Dua Jalan bagi Politik Yahudi

Pengalaman pertama dan satu-satunya saya dengan antisemitisme di Amerika datang dengan penuh perhatian dan kepedulian. Pada tahun 1993, saya menghabiskan musim panas di Tennessee bersama pacar saya. Di sebuah pesta barbekyu, kami dihujani pertanyaan. Apa yang membawa kami ke selatan? Bagaimana keadaan kami? Ke mana kami pergi ke gereja? Kami menjelaskan bahwa kami tidak pergi ke gereja karena kami seorang Yahudi. “Tidak apa-apa,” seorang wanita meyakinkan kami. Karena tidak pernah berpikir bahwa itu tidak apa-apa, saya tersenyum bingung dan mengingat sebuah pengamatan dari penulis Jerman Ludwig Börne: “Beberapa orang mencela saya karena menjadi seorang Yahudi, yang lain memaafkan saya, yang lain memuji saya karenanya. Tetapi semua orang memikirkannya.”

Tiga puluh satu tahun kemudian, semua orang memikirkan kaum Yahudi. Jajak pendapat demi jajak pendapat menanyakan apakah mereka merasa aman. Donald Trump Dan Kamala Harris melontarkan hinaan tentang siapa yang lebih antisemit. Anggota Kongres dari Partai Republik, yang hanya memiliki dua orang Yahudi di kaukusmenyampaikan kuliah tentang sejarah Yahudi kepada para pemimpin universitas. “Saya ingin Anda berlutut dan menyentuh batu yang menjadi dasar Auschwitz,” kata anggota Partai Republik Oregon Lori Chavez-DeRemer dideklarasikan dalam sidang pada bulan Mei, mendesak kunjungan ke museum Holocaust di DC. “Saya ingin Anda mengintip sepatu-sepatu orang Yahudi yang dibunuh.” Dia tidak memberikan indikasi mengetahui bahwa salah satu pemimpin yang dia ajak bicara adalah korban antisemitisme atau bahwa yang lain adalah keturunan korban Holocaust.

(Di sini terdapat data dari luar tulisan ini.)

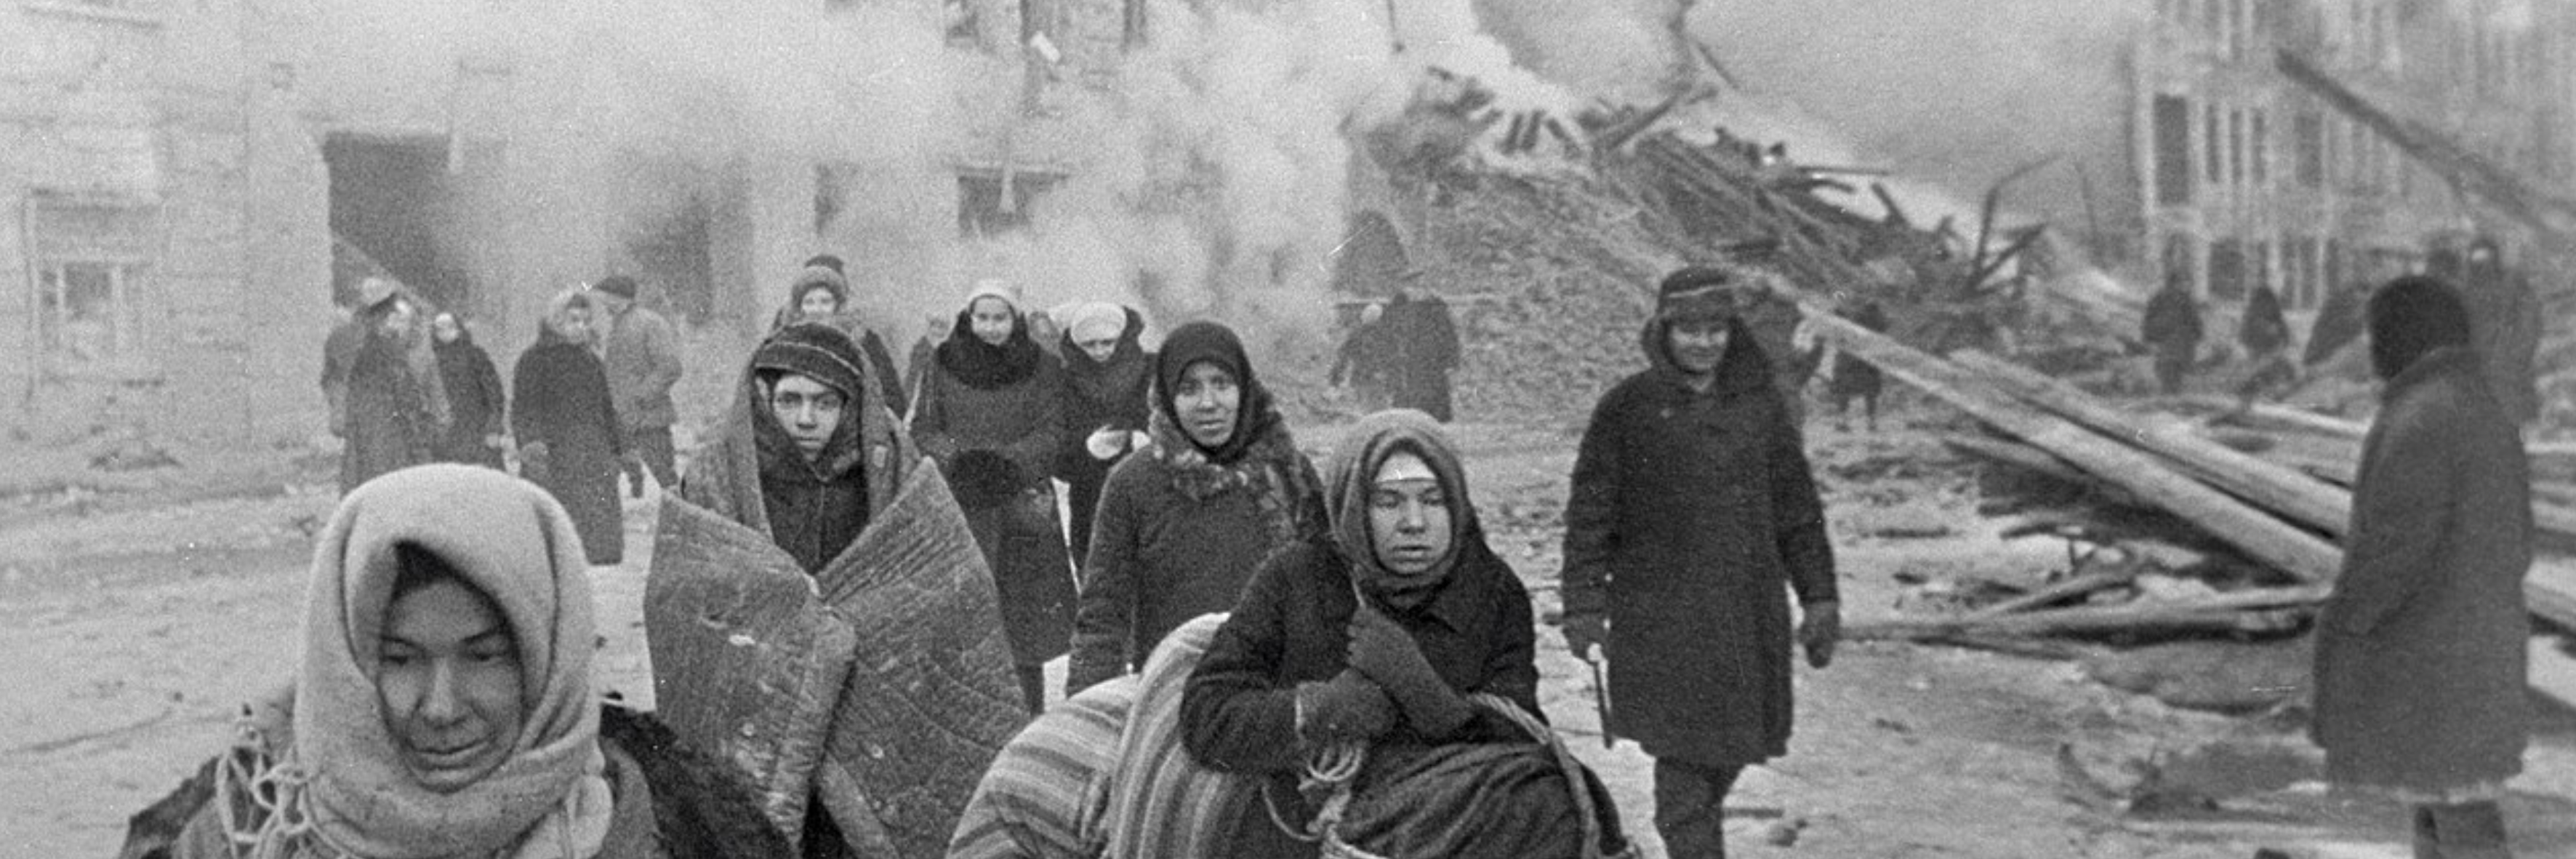 Leningrad: Geplanter Vernichtungskrieg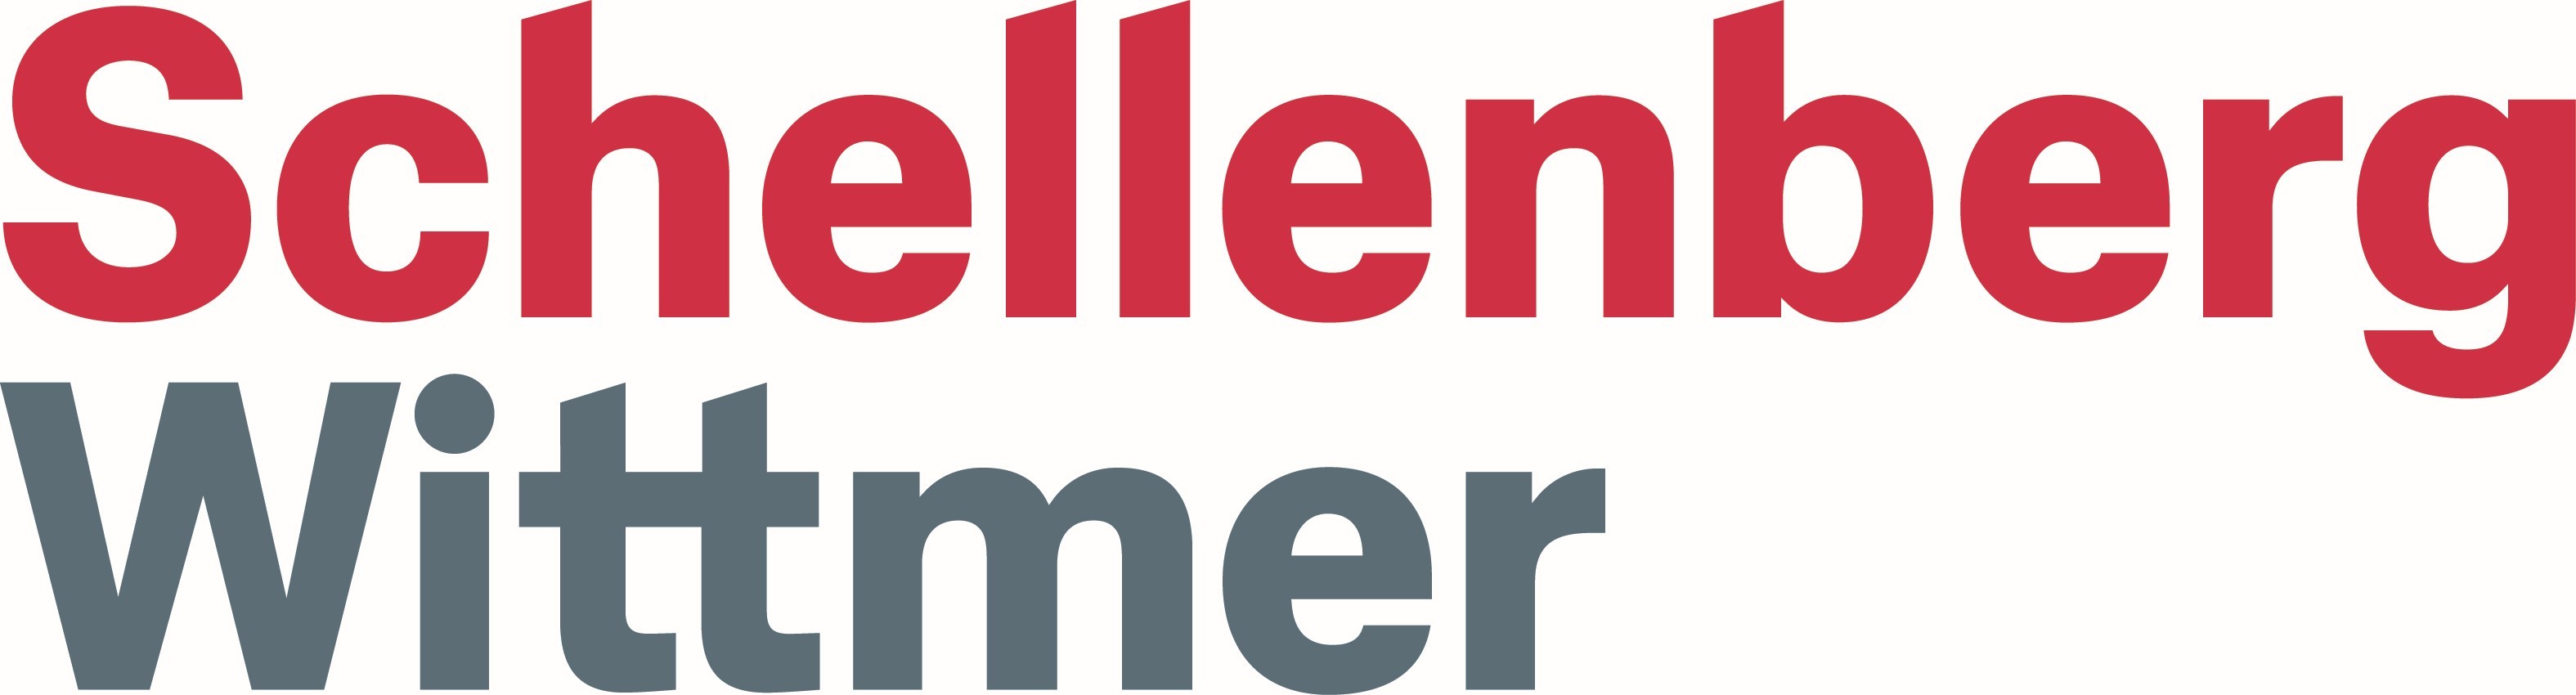 Schellenberg Wittmer Ltd logo

Bukanlah suatu kebetulan jika orang-orang non-Yahudi berbicara tentang orang-orang Yahudi seolah-olah kami tidak ada di sana. Menurut sejarawan David Nirenbergberbicara tentang orang Yahudi—bukan orang Yahudi yang sebenarnya tetapi orang Yahudi secara abstrak—adalah cara orang non-Yahudi memahami dunia mereka, dari pertanyaan terbesar tentang keberadaan hingga pertanyaan terkecil tentang ekonomi. Fokus Nirenberg adalah “anti-Yudaisme,” bagaimana ide-ide negatif tentang orang Yahudi dijalin ke dalam kanon pemikiran Barat. Namun seperti yang saya pelajari musim panas itu di Tennessee, dan seperti yang kita lihat hari ini, perhatian dapat sama terungkapnya dengan penghinaan. Seringkali keduanya berjalan beriringan.

Pertimbangkan Undang-Undang Kesadaran Antisemitismeyang baru-baru ini disahkan oleh DPR dengan suara 320-91. Undang-undang tersebut dimaksudkan sebagai respons terhadap meningkatnya antisemitisme di Amerika Serikat. Namun, pembunuhan terhadap orang Yahudi, penembakan di sinagoge, dan seruan “Orang Yahudi tidak akan menggantikan kami” jelas bukan merupakan hal yang ingin diatasi oleh undang-undang tersebut. Hampir setengah dari anggota Partai Republik meyakini dalam “teori penggantian besar”, bagaimanapun juga, dan mereka pemimpin mengambil dari hal yang sama Sehat.

RUU ini justru akan melengkapi pemerintah federal dengan baru definisi antisemitisme yang akan melindungi Israel dari kritik dan mengubah aktivisme kampus atas nama Palestina menjadi tindakan diskriminasi ilegal. (Tujuh dari sebelas definisi tersebut contoh antisemitisme melibatkan pertentangan terhadap Negara Israel.) Kaum sayap kanan yang secara vokal menentang RUU tersebut—Marjorie Taylor Greene, Matt GaetzBahasa Indonesia: Tucker Carlsondan Charlie Kirk—tidak mempermasalahkan agenda Zionisnya. Mereka hanya khawatir agenda itu akan melibatkan mereka yang percaya bahwa orang Yahudi adalah pembunuh Kristus.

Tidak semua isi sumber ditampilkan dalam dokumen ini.